--- Problem statement ---
Word for word, return each entry that follows, with every image removed.

--- Information given ---
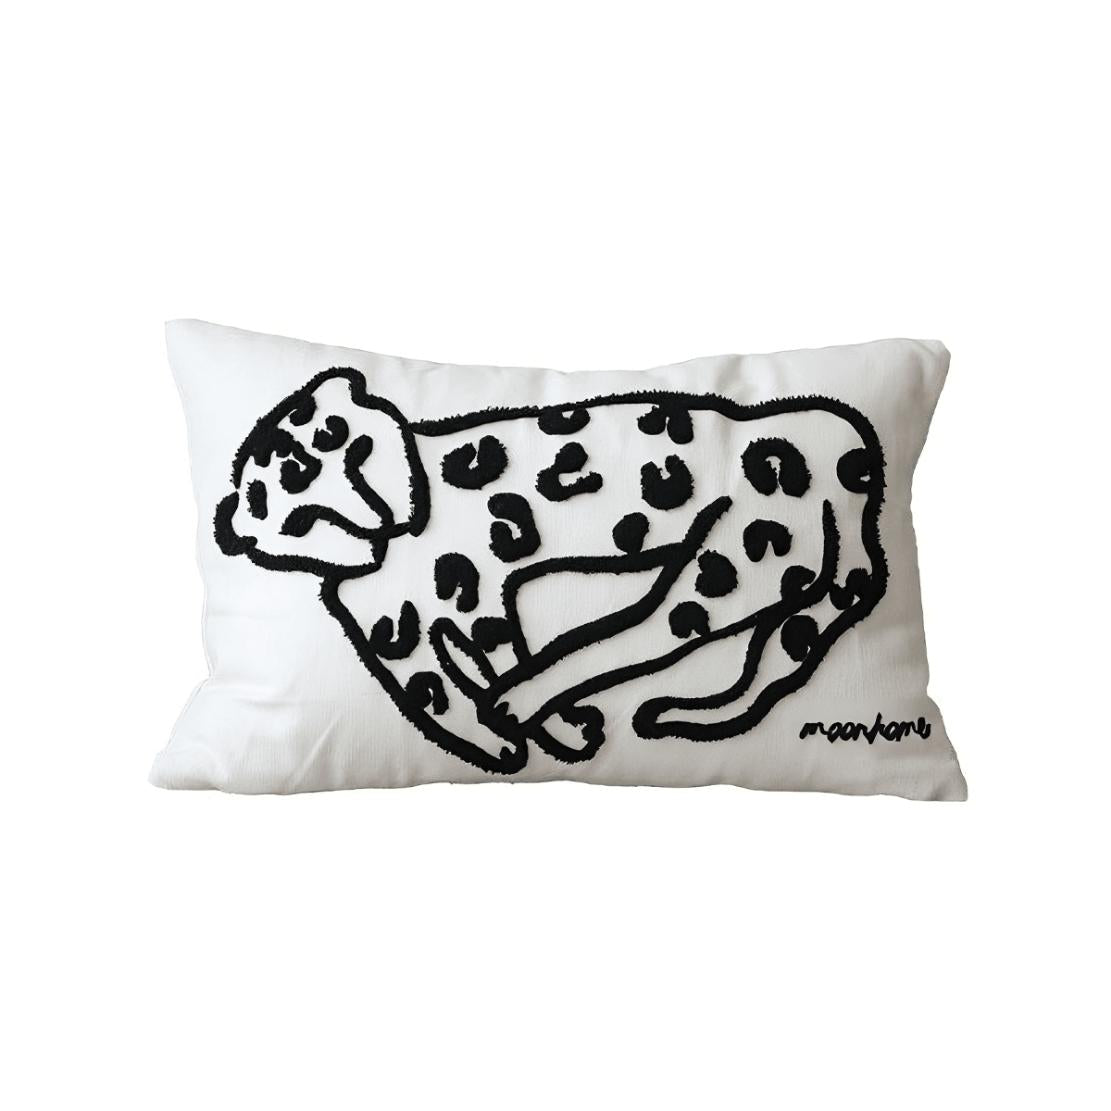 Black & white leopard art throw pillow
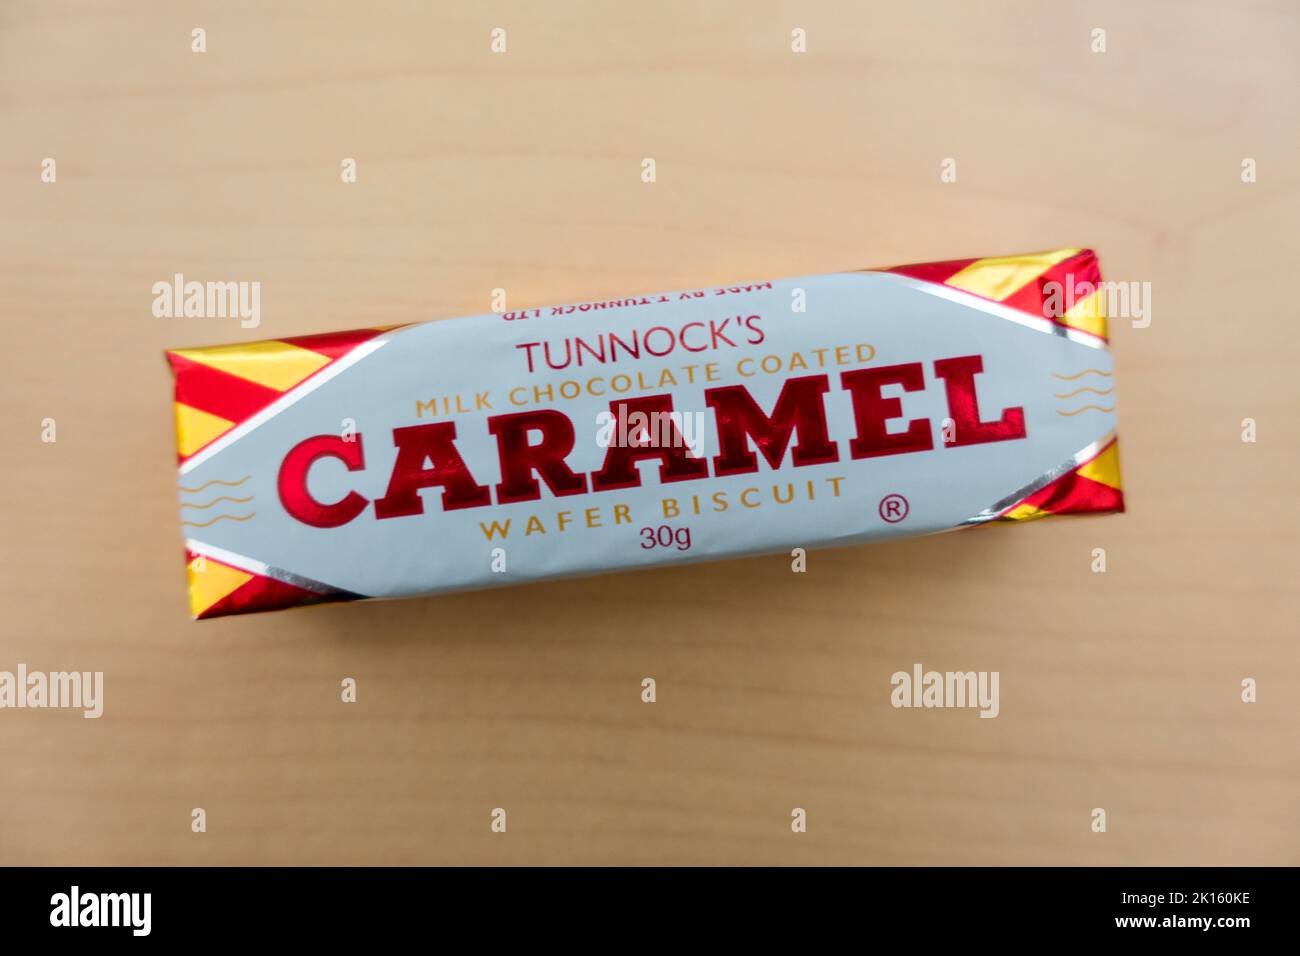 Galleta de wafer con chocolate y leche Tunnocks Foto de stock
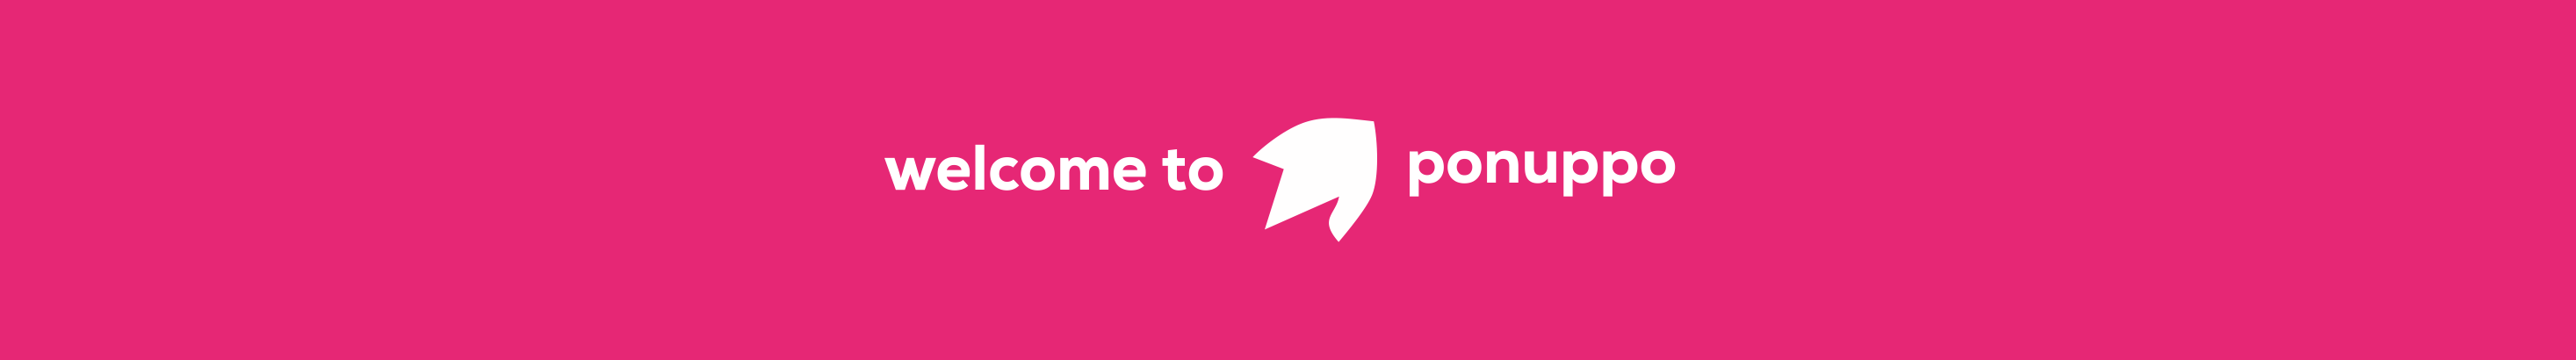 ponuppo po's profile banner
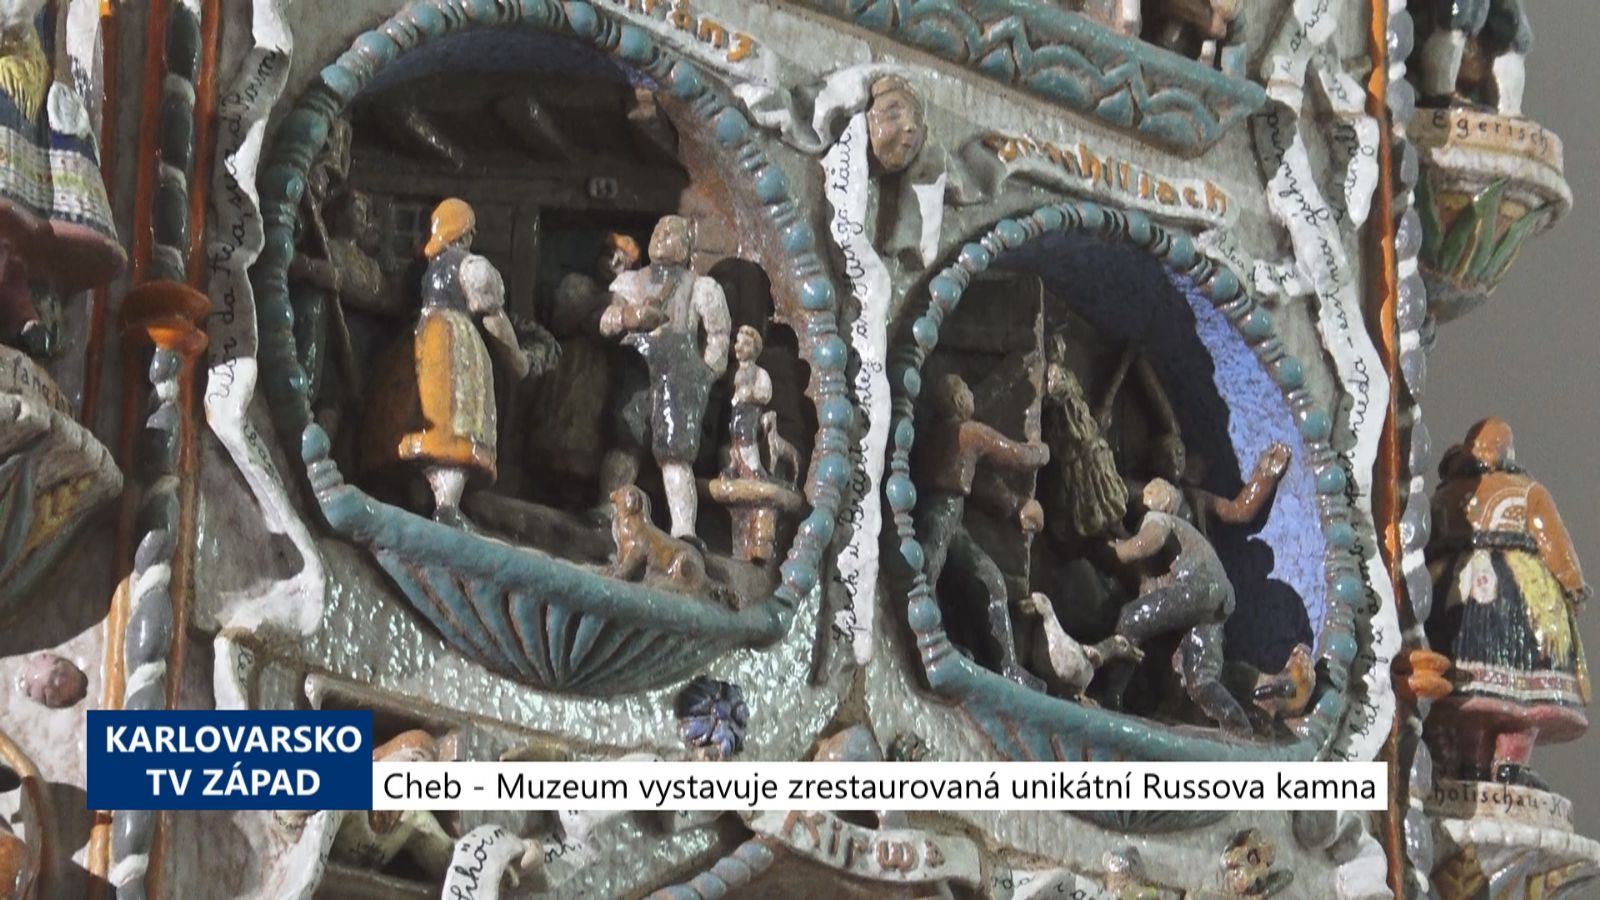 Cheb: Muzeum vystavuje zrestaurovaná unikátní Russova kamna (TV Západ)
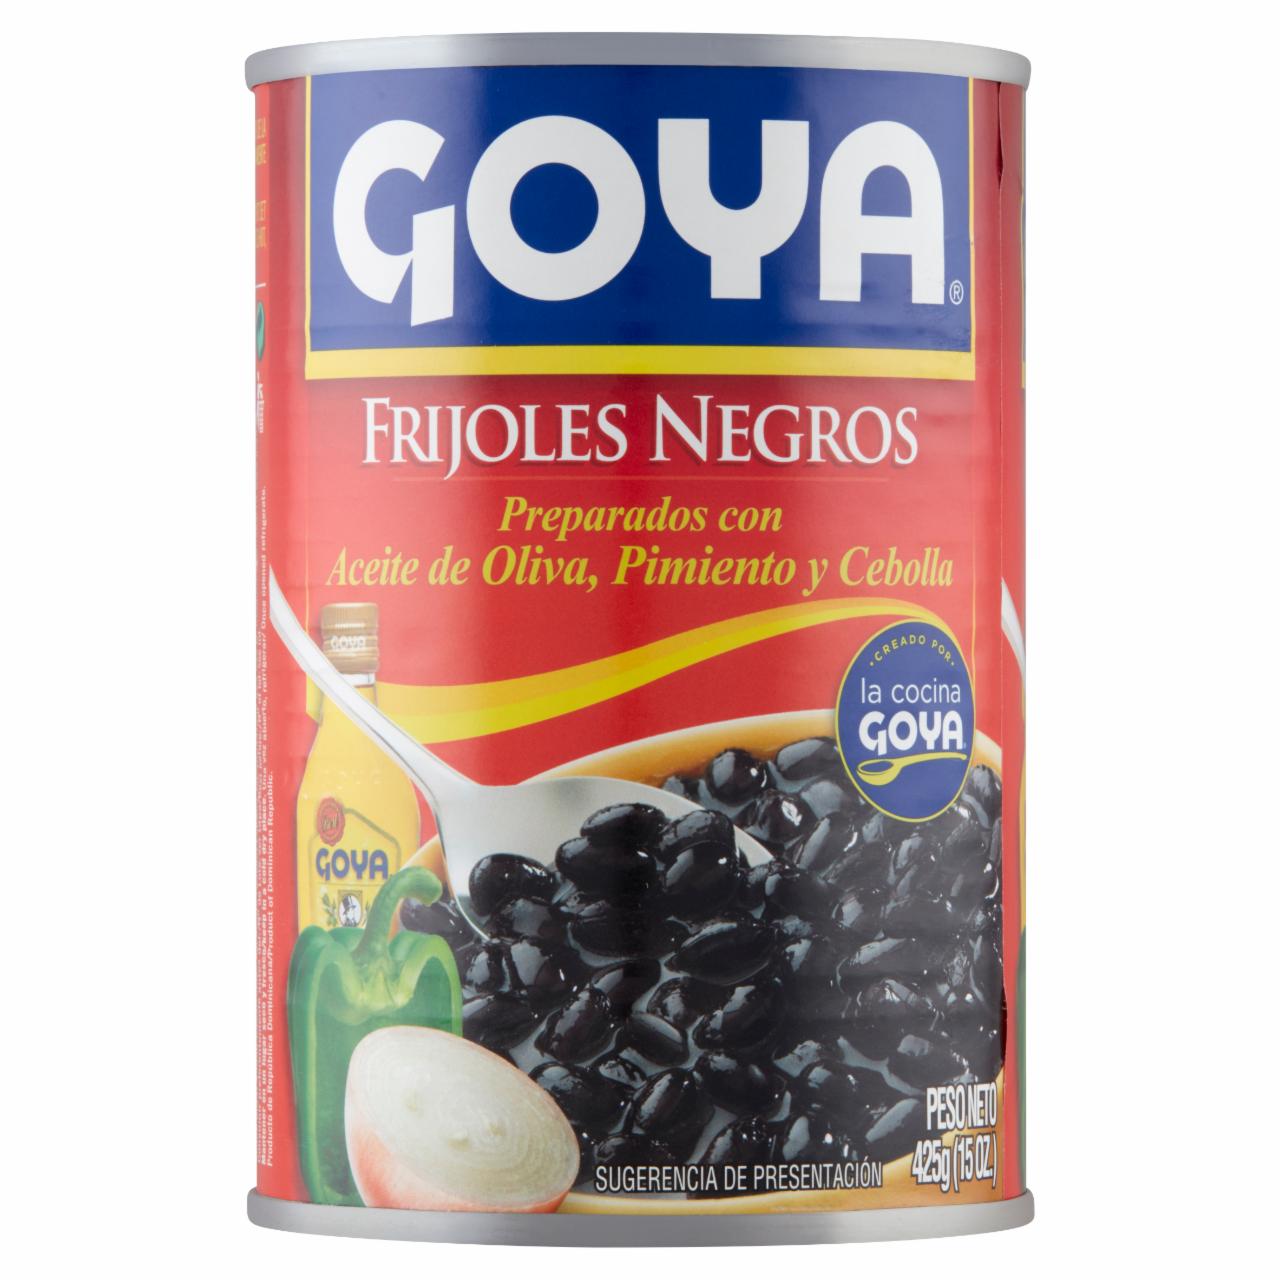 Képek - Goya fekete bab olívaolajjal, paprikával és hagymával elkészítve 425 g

--- Task output ---
 Black & white leopard art throw pillow
 Galleta de wafer con chocolate y leche Tunnocks Foto de stock
 ponuppo po's profile banner
 Cheb: Muzeum vystavuje zrestaurovaná unikátní Russova kamna (TV Západ)
 Képek - Goya fekete bab olívaolajjal, paprikával és hagymával elkészítve 425 g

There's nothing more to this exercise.